Background: The oral microbiome comprises distinct microbial communities that colonize diverse ecological niches across the oral cavity, the composition of which are influenced by nutrient and substrate availability, host genetics, diet, behavior, age, and other diverse host and environmental factors. Unlike other densely populated human-associated microbial ecosystems (e.g., gut, urogenital), the oral microbiome is regularly and directly exposed to the external environment and is therefore likely less stable over time. Cross sectional studies of the oral microbiome capture a glimpse of this temporal dynamism, yet a full appreciation of the relative stability, robusticity, and spatial structure of the oral environment is necessary to understand the role of microbial communities in promoting health or disease.

Results: Here we investigate the spatial and temporal stability of the oral microbiome over three sampling time points in the context of HIV infection and exposure. Individual teeth were sampled from a cohort of 565 Nigerian children with varying levels of tooth decay severity (i.e., caries disease). We collected 1,960 supragingival plaque samples and characterized the oral microbiome using a metataxonomic approach targeting an approximately 478 bp region of the bacterial rpoC gene. We found that both infection and exposure to HIV have significant effects on the stability of the supragingival plaque microbiome at both the spatial and temporal scale. Specifically, we detect (1) significantly lower taxonomic turnover of the oral community among exposed and infected children compared to unexposed children, (2) we find that HIV infection homogenizes the oral community across the anterior and posterior dentition, and (3) that impaired immunity (i.e., low CD4 count) and low taxonomic turnover over time in children living with HIV is associated with higher frequency of cariogenic taxa including Streptococcus mutans.

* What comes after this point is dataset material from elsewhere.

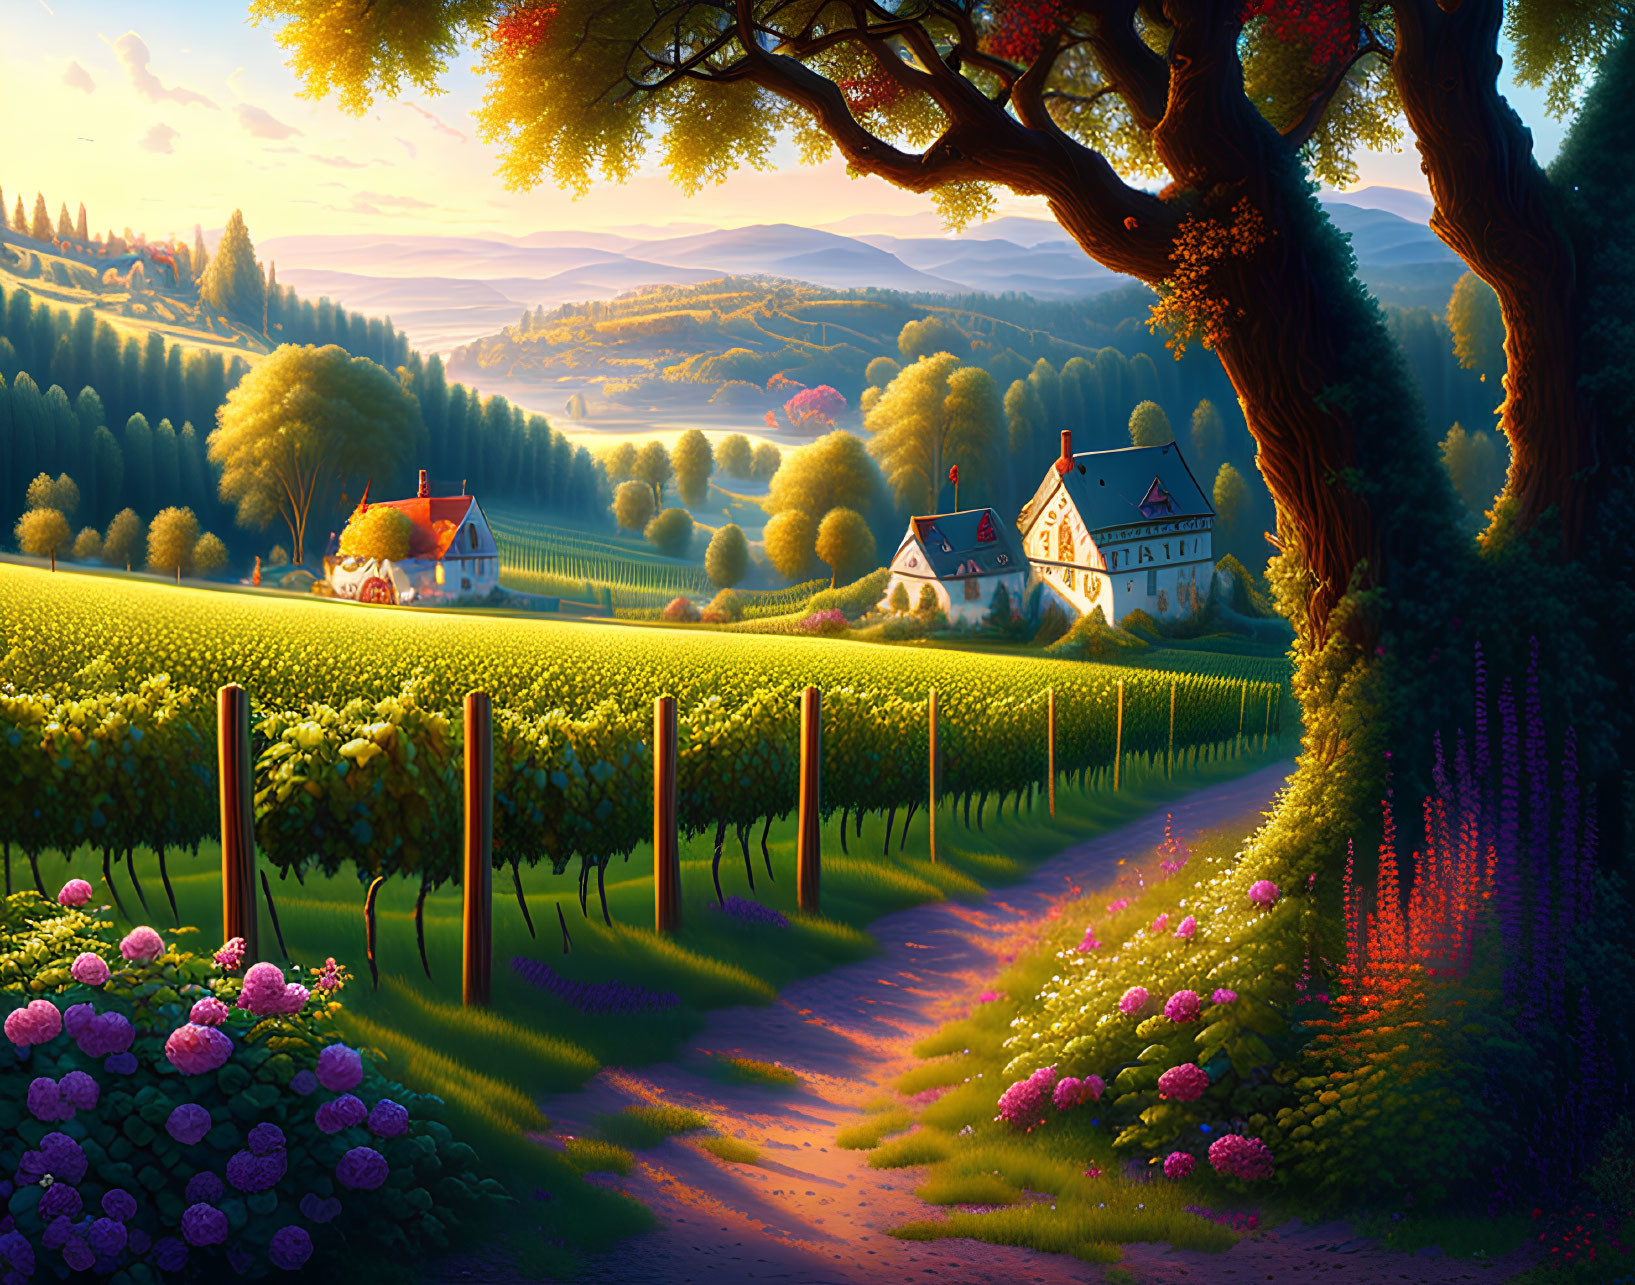 Tranquil sunset landscape with vineyards, tree, path, and rolling hills

Conclusions: Our results document substantial community fluctuations over time in children unexposed to HIV independent of oral health status. This suggests that the oral community, under typical conditions, rapidly adapts to environmental perturbations to maintain homeostasis and that long-term taxonomic rigidity is a signal of community dysfunction, potentially leading to a higher incidence of oral disease including caries.

Keywords: CD4 count; HIV; caries disease; longitudinal analysis; oral microbiome.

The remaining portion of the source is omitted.